When a structure is initialized, {}'s are placed around the initializers for
its members ( they aren't always required, but I try not to know that ).  When
a union is initialized, and the default 'first member' is used, there are
presumably (no ANSI draft HERE...) no {}'s required, since there is only one
'thing' inside a union initializer ( the thing often requiring {}'s itself).
Is this the case? Actually I seem to remember that ANSI allows redundant {}'s
around scalar initializers and around other {}'s, and therefore around
union initializers too.

How about this:

union {
	double dvar;
	int ivar[2];
	struct svar{
		char flob[2];
		char *(*func)();
	}
} unarray[4] = {	/* this { is for the array */
.dvar =	12.00,		/* This entire line (without the comma) is the
			   initializer for unarray[0]. Since that is a union
			   object, the initializer is . <member-name> = <init>
			   where <init> is a valid initializer for an object
			   of the same type as the selected member, in this
			   case double */
.dvar =	13.100,
.ivar =	{ 1,0 },	/* the {}'s are for ivar, an array of ints */
.svar = { "?", malloc } /* the {}'s are for svar, a struct */
};			/* end the array unarray */

If no '. tag =' is given, the first member of the union is used.
So what d'y'all think? The '.' I think may be useful to allow
lexers to treat the identifier differently if they want to (once defined,
union and struct tags appear only after -> and . in C, and since they
are in a separate name space, this fact may be relied upon by some parsing
methods ).

The device only appears when the compiler 'knows' that a union
is being initialized. However YACC doesn't know that (barring some
strange mechanism to tell it). So it is important that such a thing
be parseable in a context-free way. I believe this thing is, since
'.' can never appear at the start of a normal expression. ( the token '.',
not the character ).

If directly nested unions are used, you can end up with things like
.member = .deeper_member = { 2, "blat" }
It is tempting to suggest that .member.deeper_member = ... be allowed,
which would be far more readable. This seems like rampantly feeping
creaturism, especially as directly nested unions are so scarcely used.

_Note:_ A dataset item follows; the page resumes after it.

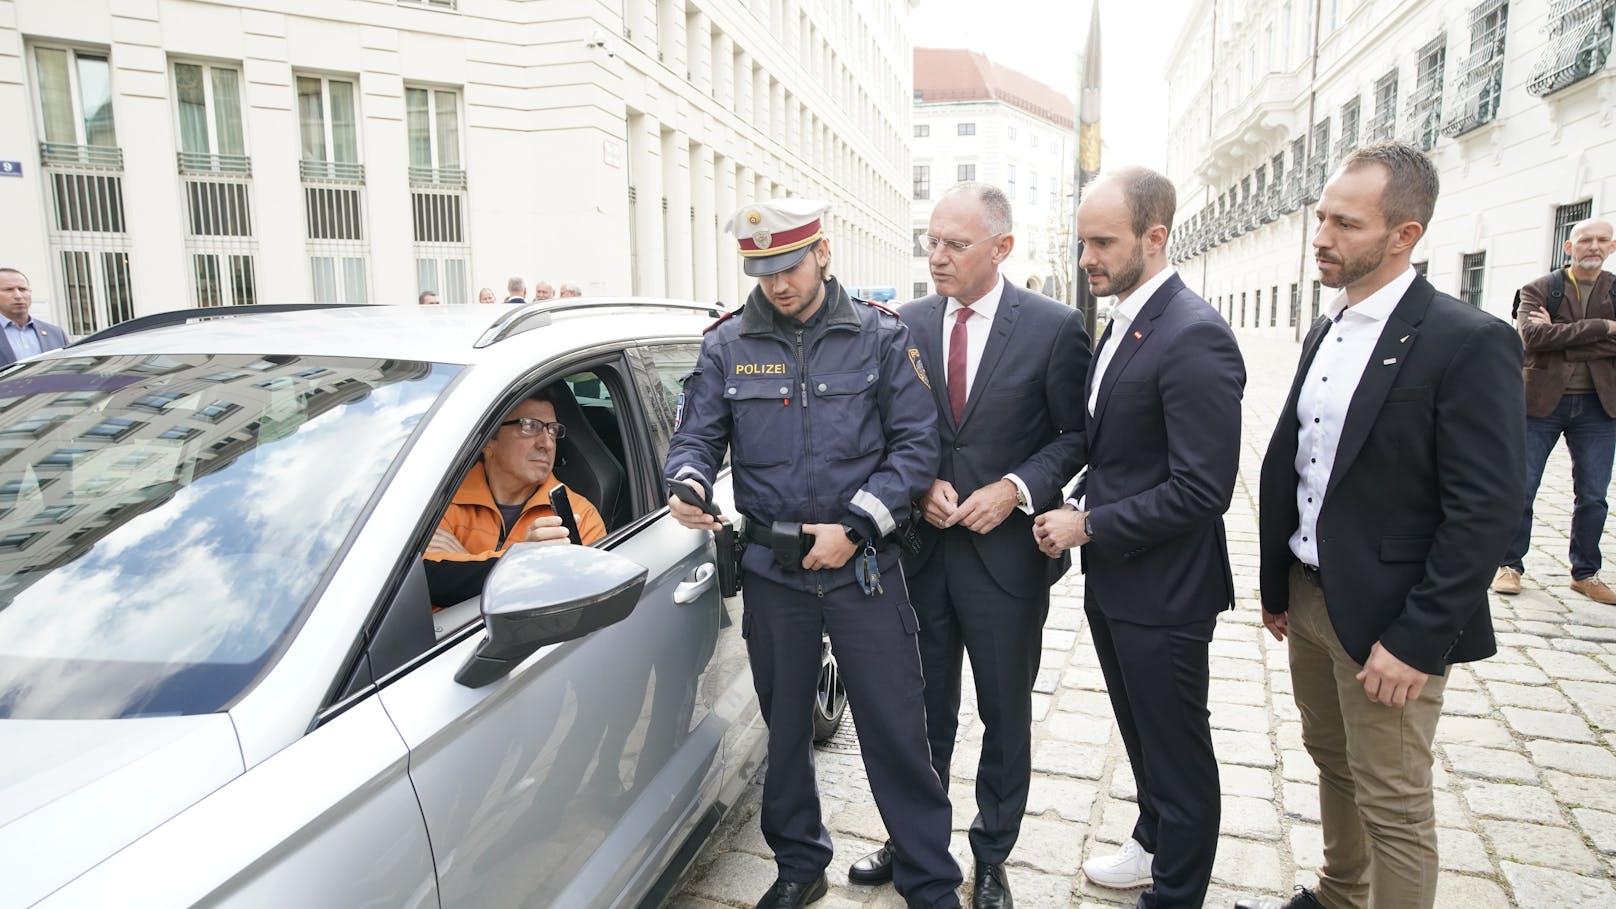 Turksy und Karner zeigten eine Polizeikontrolle des E-Führerschein vor.

I guess it's too late to get anything done about this, right?
-- 
----------------------------------------------------------------------
Greg Smith     University of Toronto      UUCP: ..utzoo!utcsri!greg
Have vAX, will hack...

karl@haddock.UUCP (Karl Heuer) (04/27/87)

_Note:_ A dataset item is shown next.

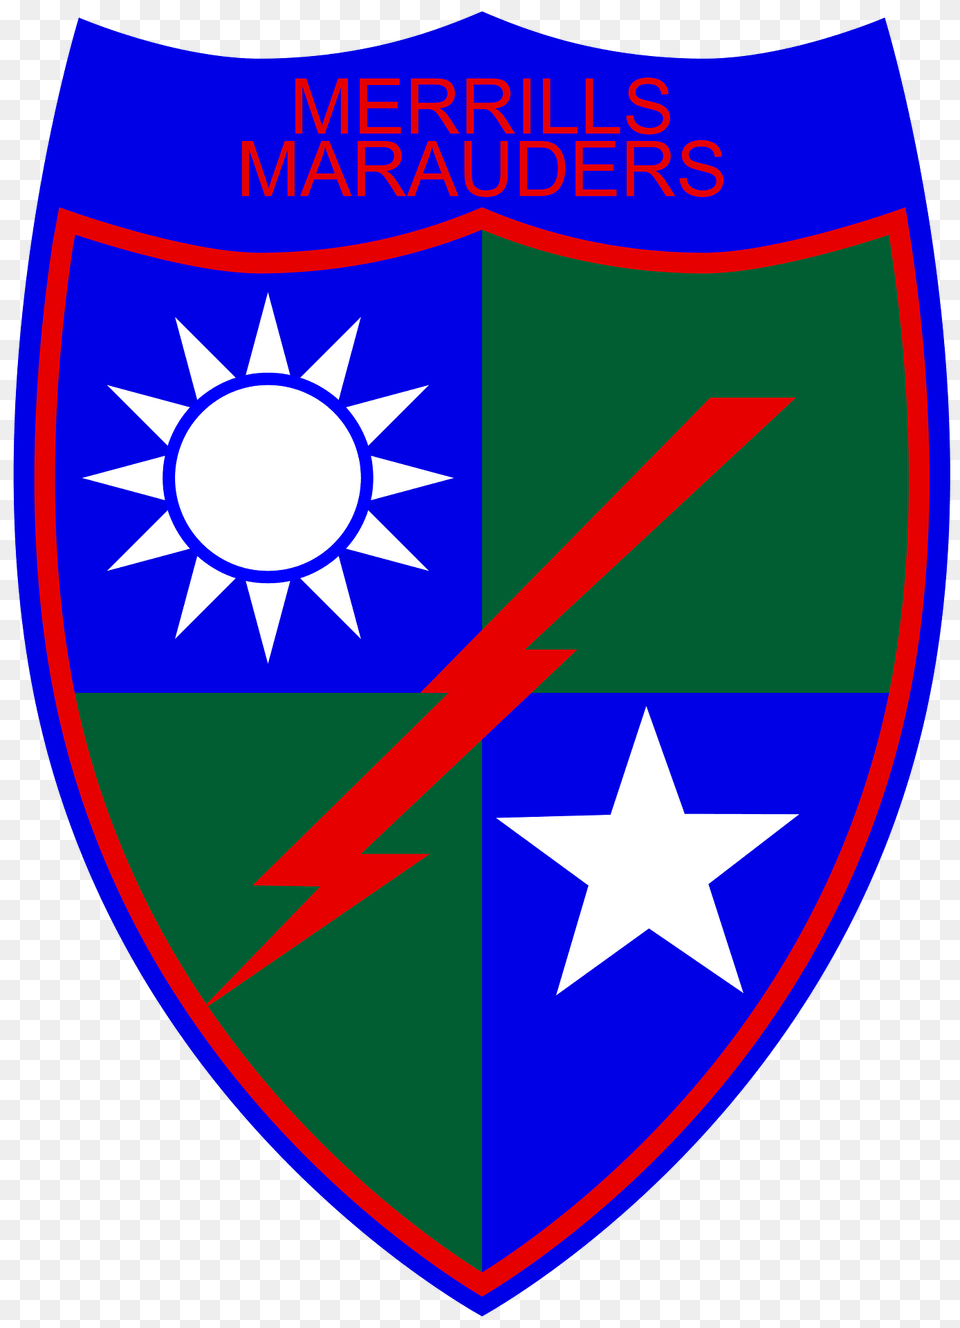 Merrills Marauders Clipart, Armor, Flag, Shield Png

In article <1722@plus5.UUCP> hokey@plus5.UUCP (Hokey) writes:
>In my opinion, [ANSI's] mechanism is *worse* than not having *any* way to
>perform compile-time initialization of unions.

First off, let me state that I think that initializing a union is a perfectly
valid thing to want to do.  Let's look at some of the possibilities:

K&R says it can't be done.  This is annoying; it requires one to use run-time
initialization or non-portable kludges (including, perhaps, writing the
definition in assembly language).

ANSI proposes that unions be initializable, but only to their first member.
The sudden introduction of a distinguished member of a (previously unordered)
union bothers me a bit; I feel they're attacking the symptom instead of the
problem.  Also, this proposal doesn't always help: the initialization
    { a[0].asfloat = 17.5, a[1].asstring = "hello" }
still can't be performed at compile time.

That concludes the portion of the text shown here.